The concentration of natural compounds and the amount of sunscreens were optimized so that they do not cause dramatic cell death by themselves without UVR. Zerumbone, Resveratrol, Curcumin, and Apigenin were spread on the LB plates at the concentration indicated in Figure 2. The same amount of DMSO was added in the vehicle plates and to the sunscreens. The cells were plated on the top of the compounds. Cells only were used as the control. Plates were incubated at the 37°C incubator and results were monitored after 24 hours. The results showed that the 100 μM Resveratrol and Curcumin caused some cell death, but 100 uM Zerumbone did not. Surprisingly, 50 nM dietary Apigenin and 100 μl of sunscreens showed some cell death (Figure 2). Interestingly, both the sunscreens showed a significant reduction in colony size indicating inhibition of cell growth. Collectively, some of the compounds and sunscreens used in this experiment are causing cytotoxicity even without UVR. Therefore, these results supported using a lower concentration of compounds and sunscreens for the protection from UVR experiments.

natural-products-chemistry-Standardization

Figure 2. Standardization of the compound and sunscreen amounts, and UVR dose tolerable to bacterial cells. A: 100 and 10 μM of Zerumbone, Curcumin, and Resveratrol, and 50 and 10 nM Apigenin were used. The same amount of DMSO was added on the control plates and to the sunscreens. B: Various doses of UVR were used to determine the dose which will not kill all the bacterial cells.

E. coli K-12 can tolerate 12.75 J/m2 of UV radiation without showing cytotoxicity

Bacterial cells can tolerate a certain amount of UVR, but if the radiation is too high, they will die due to the adverse effects of UVR [26,27]. To standardize the UVR dose which will not kill all the bacteria, the amount of cell death was monitored by using a range of UVR doses.
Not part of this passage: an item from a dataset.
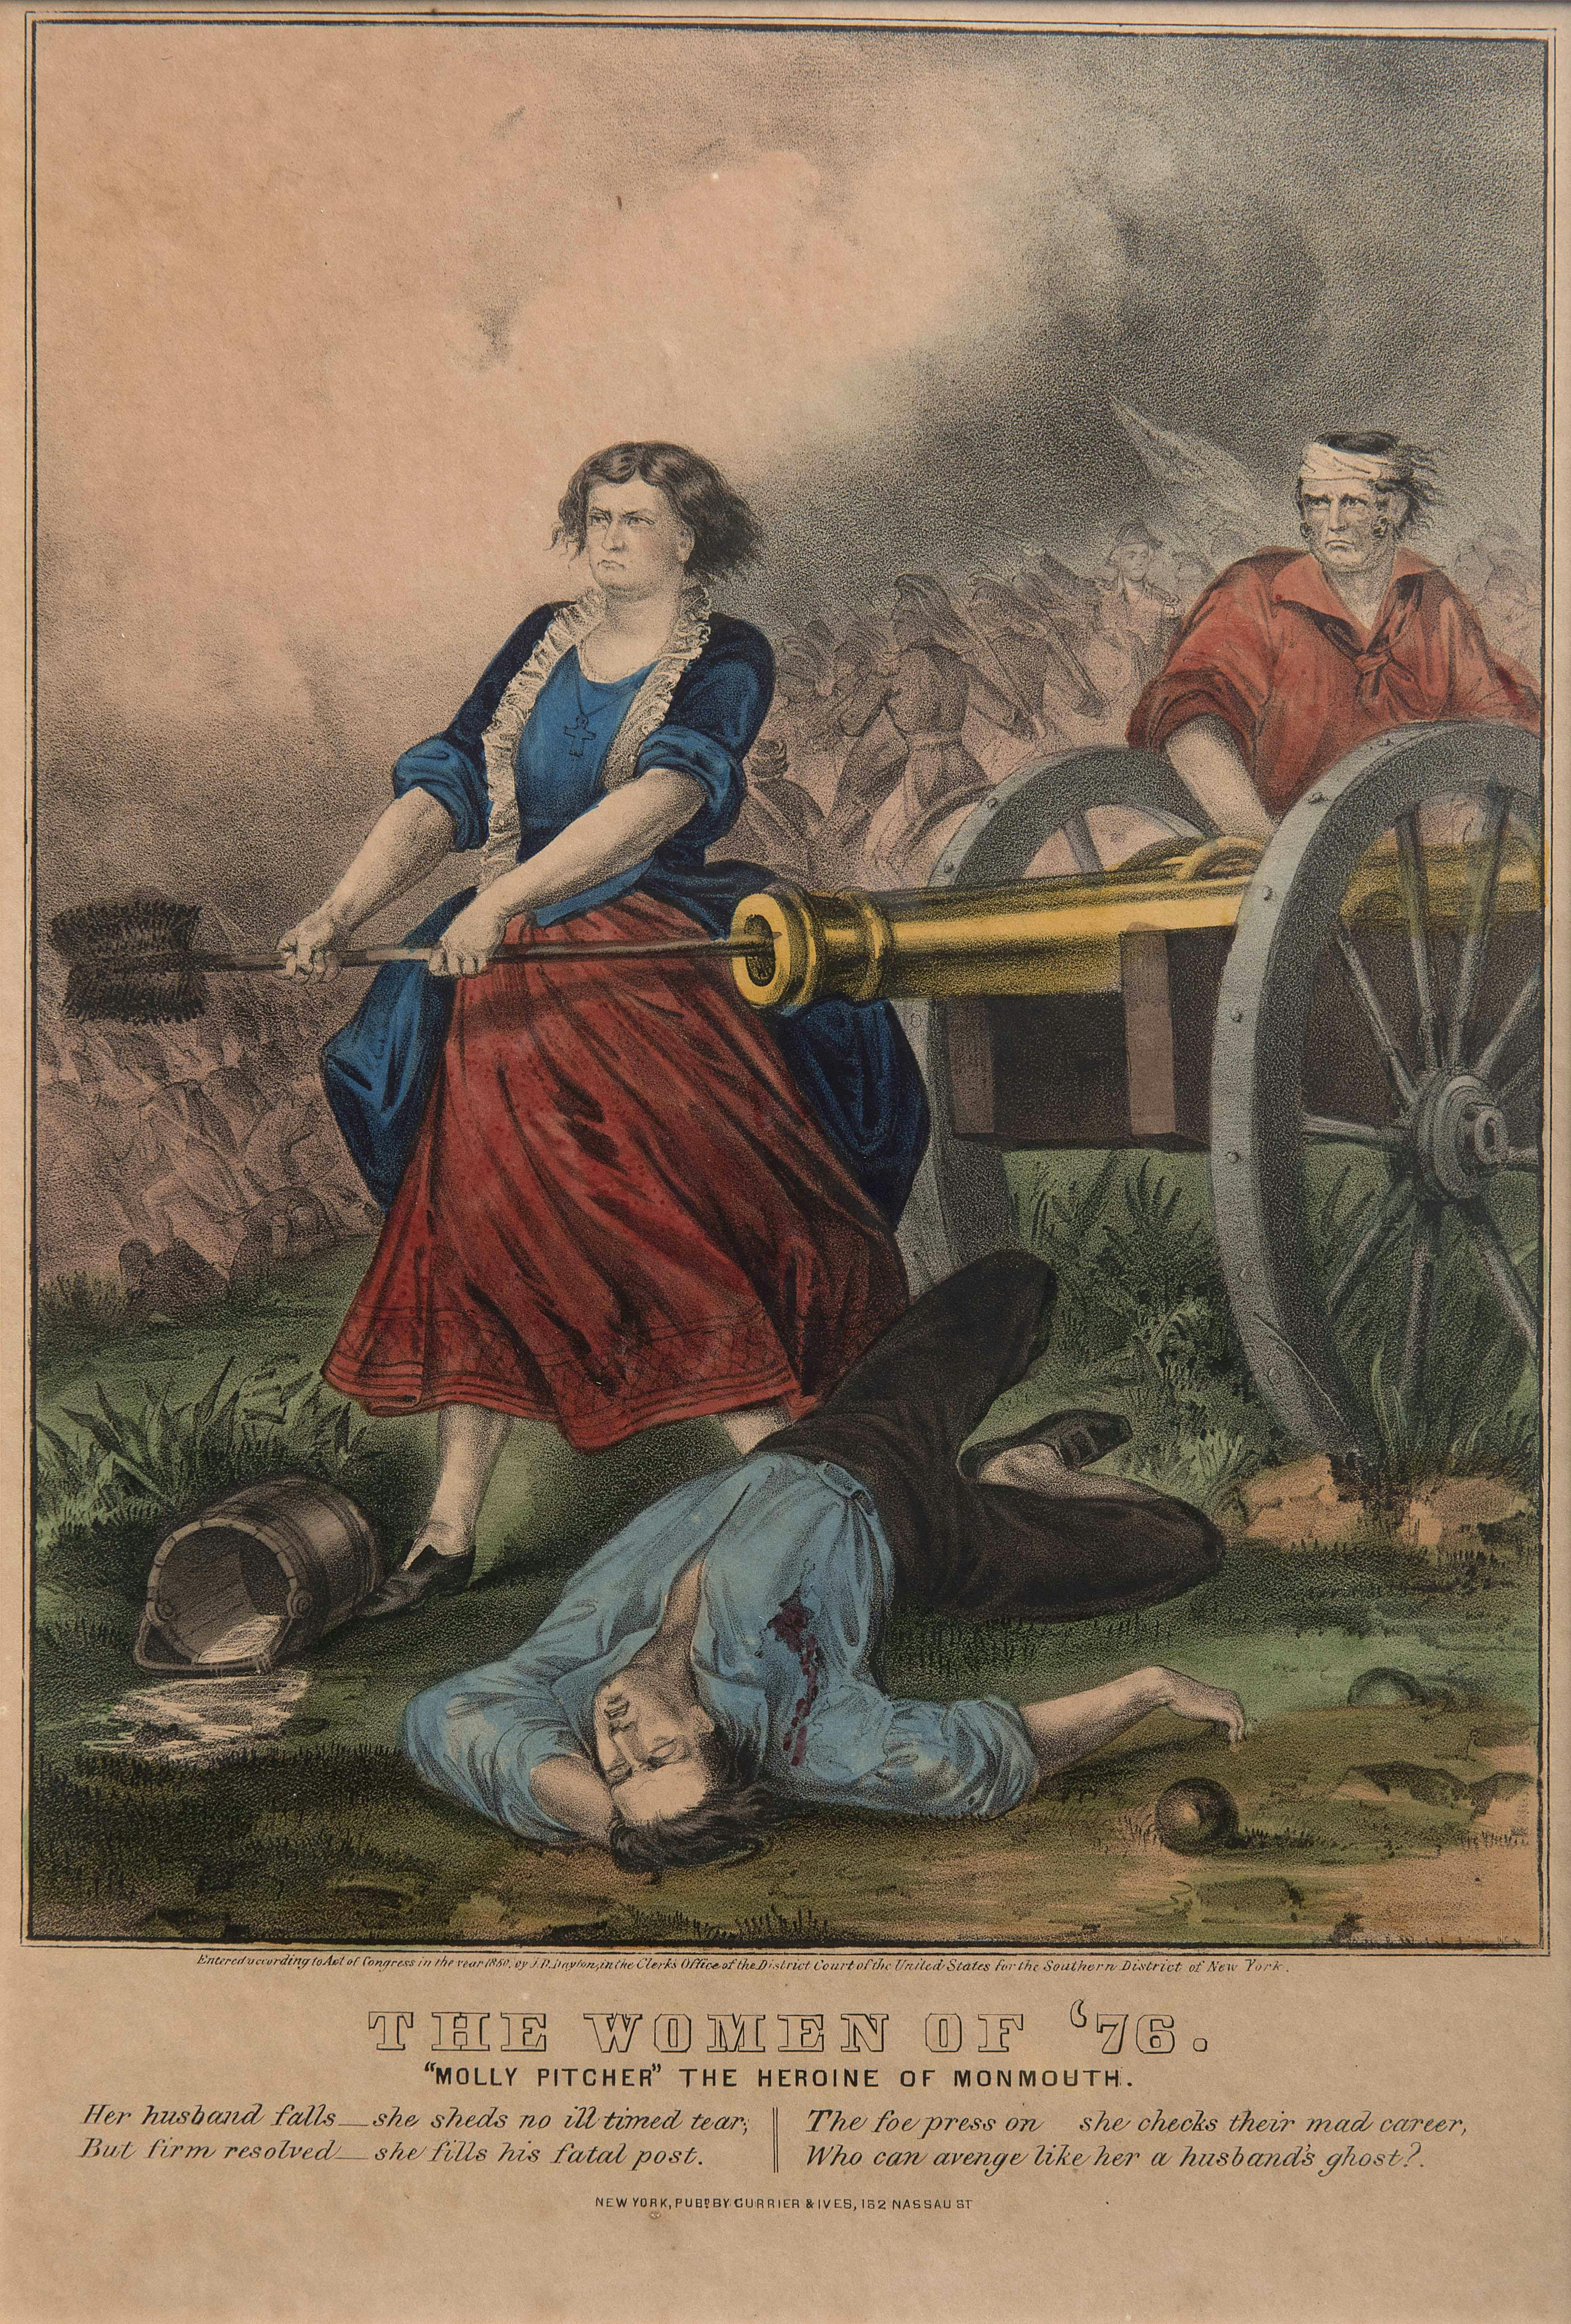 Painting of The Heroine of Monmouth (Molly Pitcher, 1876)

For this, bacterial cells were plated on the LB plate. Half of the plate was covered with cardboard and the remaining half was exposed to 12.75, 21.25, 42.5, 63.75, 85.75, 127.75, and 255.5 J/m2 UVR. One plate was kept unexposed to UVR as control. The plates were wrapped with aluminum foil immediately and incubated at 37°C for 24 hours, and data was recorded by counting the colony numbers. The results showed that the cardboard was protecting the cells from UVR since the unexposed area of the plate (covered with cardboard) has similar number of cells as the unexposed plate. As shown in Figure 2, 12.75 J/m2 UVR did not show significant cell death. However, the amount of cell death increased through 21.25 J/m2, 42.5 J/m2 and 63.75 J/m2 until all the cells died at 85.75 J/m2. These results demonstrated that ~ 42.5 J/m2 and 63.75 J/m2 are optimum UV dose to obtain a countable number of cells on the plate for the UVR protection from the compounds.
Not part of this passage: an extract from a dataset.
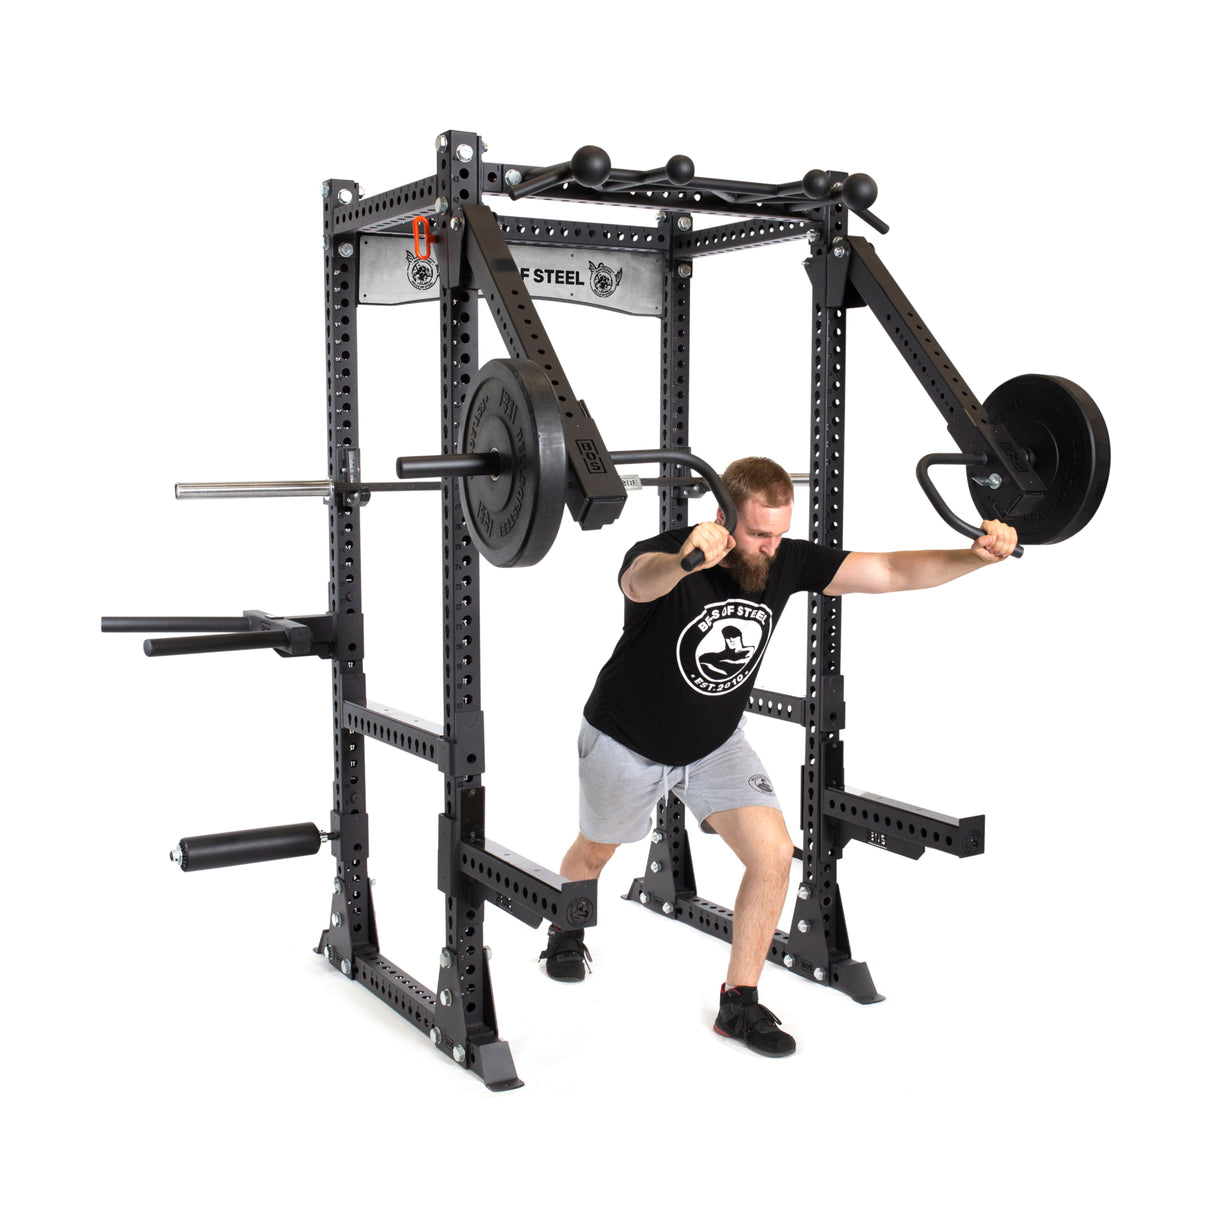 product picture of Manticore Flat Foot Power Rack PREBUILT with male model using lever arms

Effect of UV radiation on bacterial survival with and without compounds

After the optimum concentration of compounds and the optimum UVR dose were standardized (Figure 2), those conditions were used to compare the efficacy of protection of cell death by using the compounds. For the first experiment, two lower concentrations of compounds and one UV dose were used. Based on the experiments done (Figure 1) 2 μM and 10 μM of Zerumbone, Resveratrol, and Curcumin, and 10 and 1 nM Apigenin was used. Since 100 μl of sunscreen showed significant growth inhibition (Figure 2), in this experiment 25 and 10 μl sunscreens were used. The UV dose (42.5 J/m2) was selected based on Figure 2 experiment. Experiments were done as described in Figure 2. All the compounds showed significant levels of protection from UVR, which was equal to or better than sunscreens. Both the 10 and 1 μM of Zerumbone, Resveratrol, and Curcumin showed protection from UVR. Surprisingly, 10 and 1 nM of Apigenin showed similar protection to that of Zerumbone and better protection than Resveratrol and Curcumin (Figure 3). Both the sunscreens showed protection from UVR. This experiment established that these natural compounds are effective in protection from UVR and comparable with protection by sunscreens at the doses where bacteria do not die completely. Furthermore, a very low concentration of Apigenin, 1000-fold less concentration than other compounds, showed a higher level of protection than other compounds, suggesting that Apigenin is the most efficient for UVR protection among these compounds (Figure 3).

natural-products-chemistry-Zerumbone

Figure 3. Zerumbone, Resveratrol, Curcumin, and Apigenin show protection from UVR at a similar level or better than sunscreens using 42.5 J/m2 UVR, but Apigenin shows the highest protection. Experiments were done as described in methods.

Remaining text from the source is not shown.